- _Problem to solve_: Using the data below, transcribe exactly everything from the line that contains "Foto in scala" down to the line that contains "hay en España?". Include both of those lines and none of the pictures.

- _Material to process_:
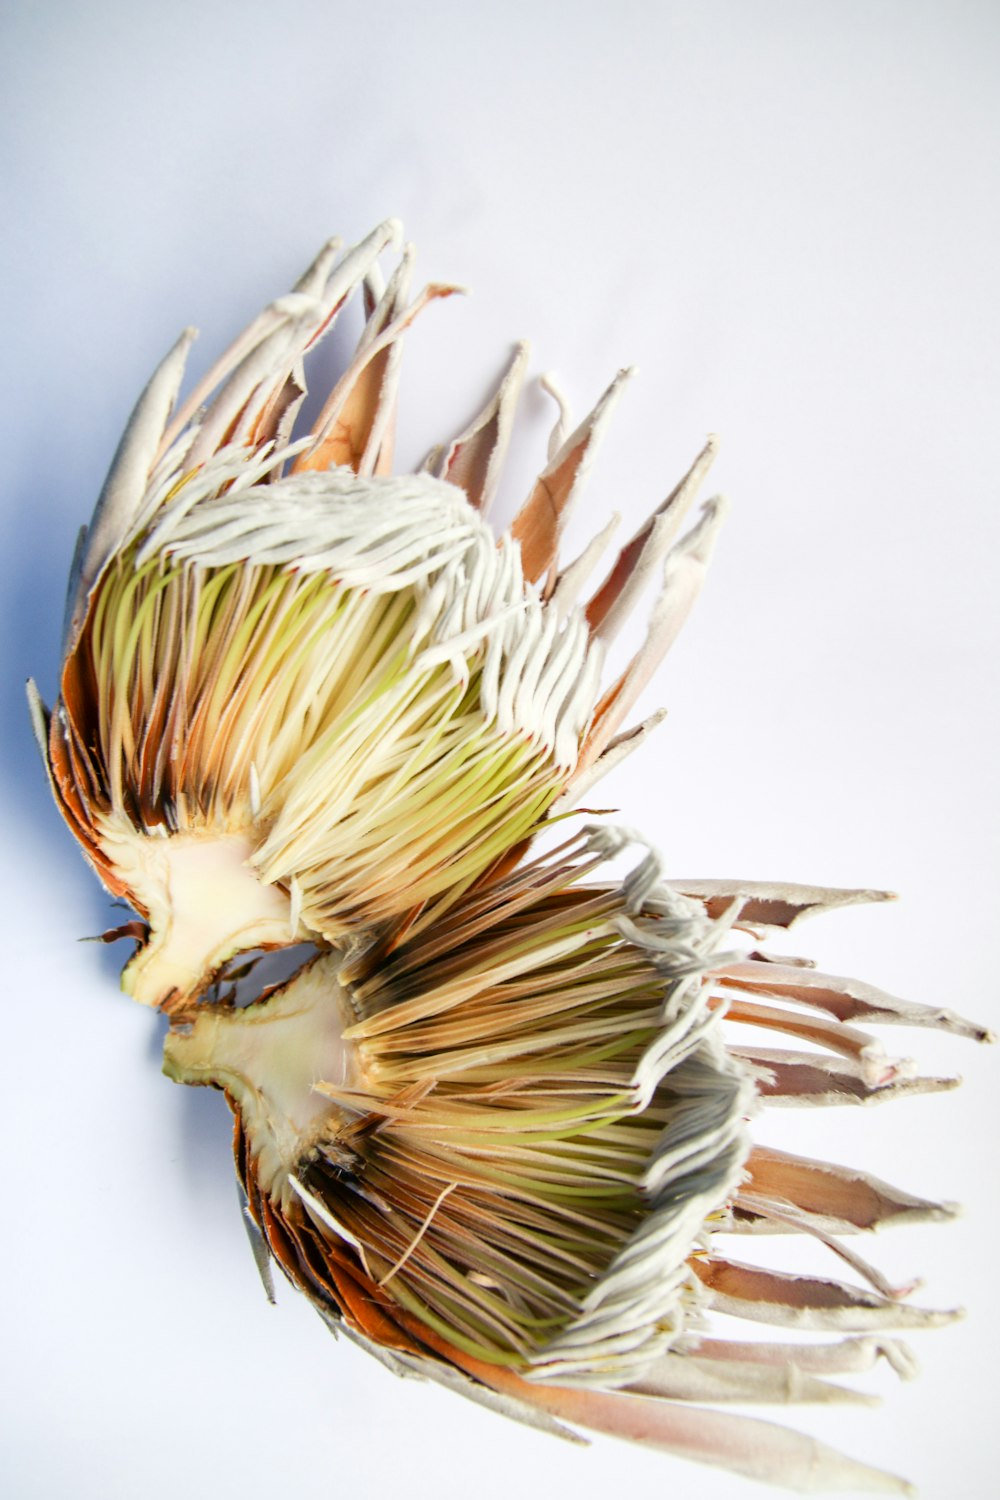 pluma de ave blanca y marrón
* * *
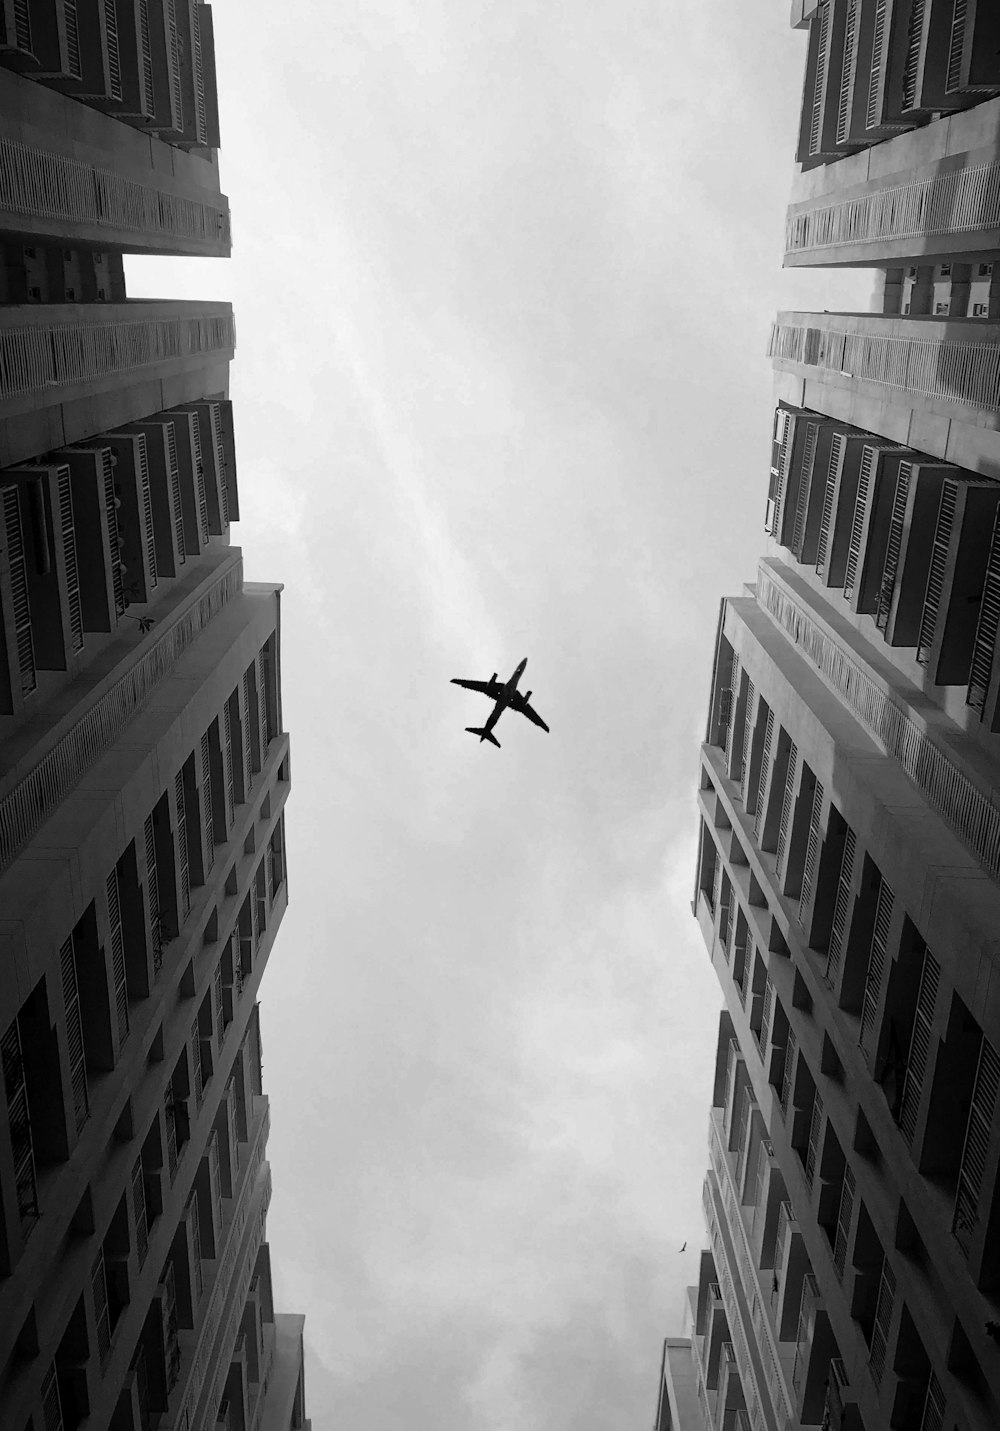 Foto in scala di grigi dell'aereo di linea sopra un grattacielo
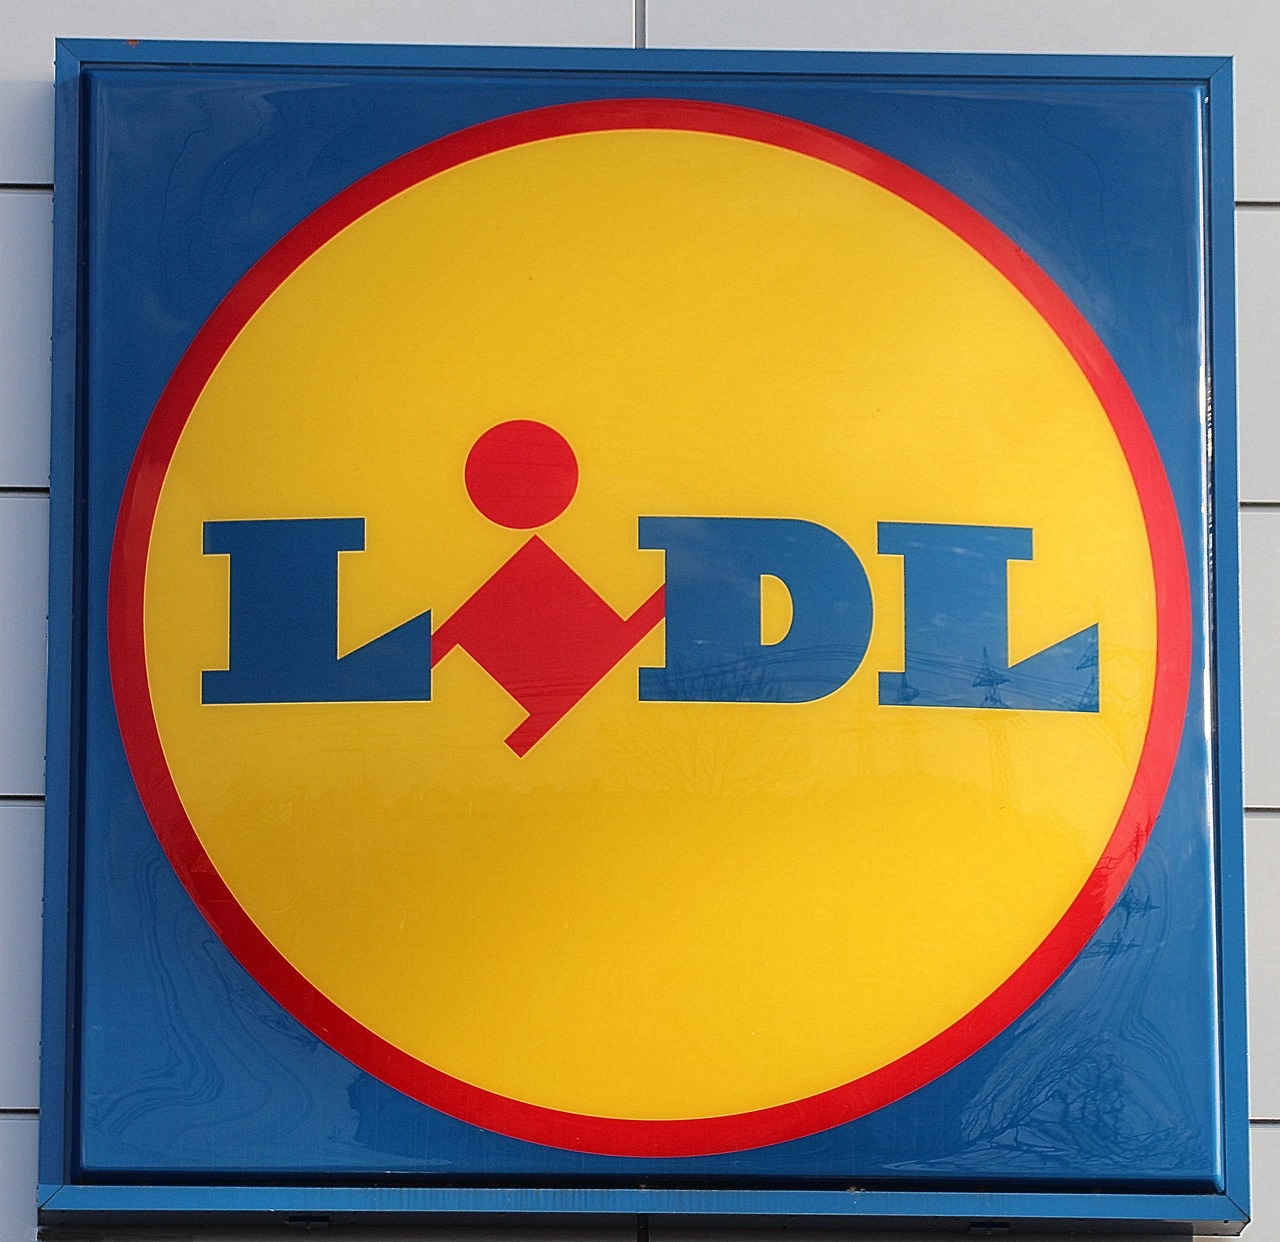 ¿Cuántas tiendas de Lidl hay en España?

- _Result for this task_:
 Foto in scala di grigi dell'aereo di linea sopra un grattacielo
 ¿Cuántas tiendas de Lidl hay en España?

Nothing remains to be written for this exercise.